Is it a hairline crack or a chip or is it broken? This is because hairline cracks or chips are repaired differently from broken pieces. When this has been ascertained, you can then proceed with the repair of your sink, which will include preparing the surface, supporting and masking the area, applying the filler, and then buff the area.
What You Will Need
Now let’s take a step-by-step look at how to repair your cracked granite sink.
1. Clean the Sink
Before you can begin the process of fixing or repairing your kitchen sink, you need to first of all thoroughly clean your sink. If you try to do the repair without cleaning the sink, it is very likely that the epoxy may not set properly. Cleaning the sink before repairing the sink would also ensure that any surface scratches that may have formed would be removed.
- Run hot water around the sink
- Pour scouring powder into the sink and let sit for about a minute
- Lightly dampen a towel with warm water and wipe the surface of the sink with it.
- If certain spots are proving tougher to remove, then you should use a soft scrubbing brush. You would need to press firmly while brushing and then rinse out the sink.
- Wipe the sink with a clean dry cloth.
2. Prepare the Sink
After you have finished cleaning and drying up the sink, inspect the crack in the sink. A large crack in a granite sink is easier to fix as it is easier to fill than a smaller crack.
The preparation is in making sure that when you apply the epoxy, you do not get any on the rest of the sink. So use painter’s tape around the edges of the crack to cover as much of the area around it without actually covering any of the crack itself. If you don’t have painter’s tape, you can also use a newspaper or something similar. The idea is to get as little of the epoxy on the rest of the sink as possible.
Once you are done preparing the granite sink, you can then proceed to mix up the epoxy filler.
3. Apply the Epoxy
You can get epoxy from stores, pick an epoxy that states on its packaging that it can be used for granite or stone repair.
Applying the epoxy requires you to fill the cracks of your granite sink. This can sometimes prove to be a tedious and time-consuming process, but if done right it should not take more than a couple of minutes.
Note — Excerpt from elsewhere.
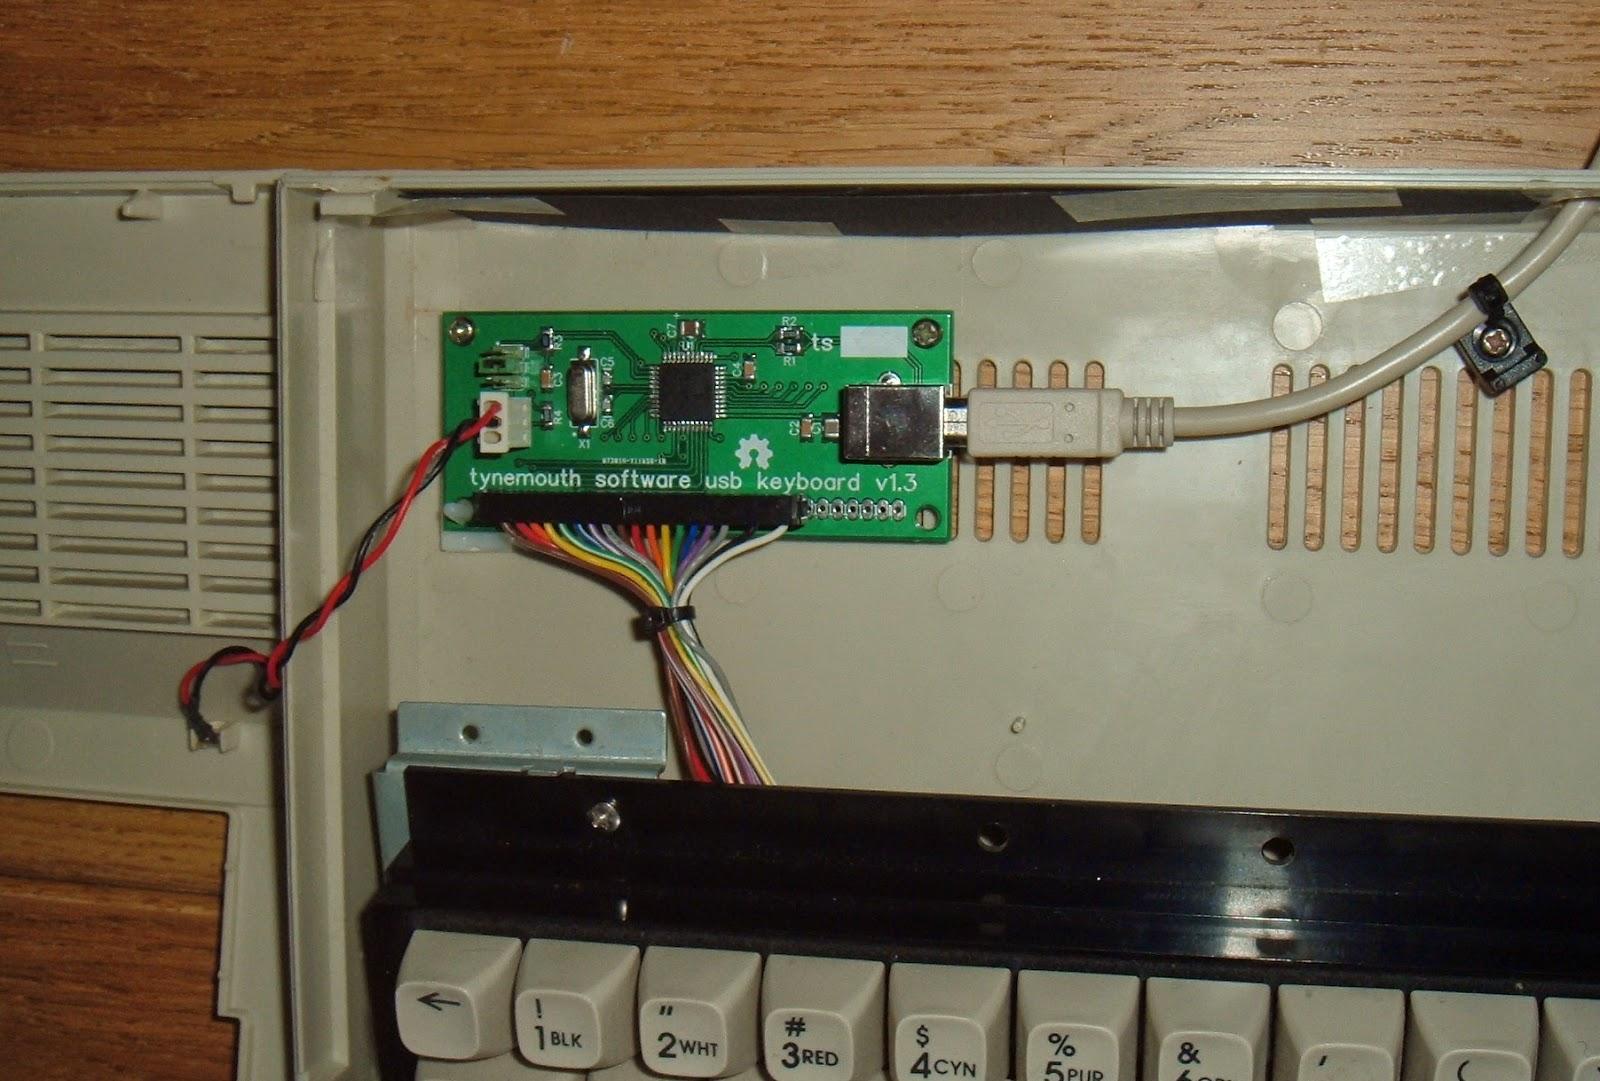 USB-CAN интерфейс, или просто CAN хакер своими руками 97

For larger cracks – smear the epoxy in the crack until it is filled. You can do this with a plastic spatula or the tool you used in mixing the epoxy, use the spatula to press the epoxy firmly into the crack. Add more epoxy as needed, and then smooth it out as best as possible. Any bump around the surface area would need to be sandpapered later.
For smaller cracks – filling smaller cracks can be done in the same manner as larger cracks, but be especially careful when applying the epoxy. Instead of smearing the epoxy over the crack, you would want to take it more slowly so as to avoid having too much extra epoxy.
4. Allow the Epoxy to Dry
Remove the painter’s tape/paper now, and allow the epoxy to dry. Generally, the drying time of the epoxy is around 24 hours. But depending on the brand of epoxy used, follow the drying time on the package as instructed by the manufacturer.
5. Smoothen the Sink Surface
Once the epoxy is dry, access the sink surface to check how smooth it is. It is common for the epoxy to not be perfectly smooth once it dries out. Use sandpaper to smoothen out the surface.
6. Clean and Buff the Area
Once you’re happy with the smoothness of your sink, wash it one more time before we buff it up and make it shine.
Now, using a wet buffing pad, gently move through and scrub the surface of the sink. This will make your sink shine and look like new!
Bonus Tip: After you are finished buffing the sink, you may optionally use a tin oxide shine or a lapidary polish to buff out the area. This will enhance the look of your granite sink even more and give it a shining and glimmering look.
That’s it! Now your newly repaired, shining granite sink is ready for you to enjoy!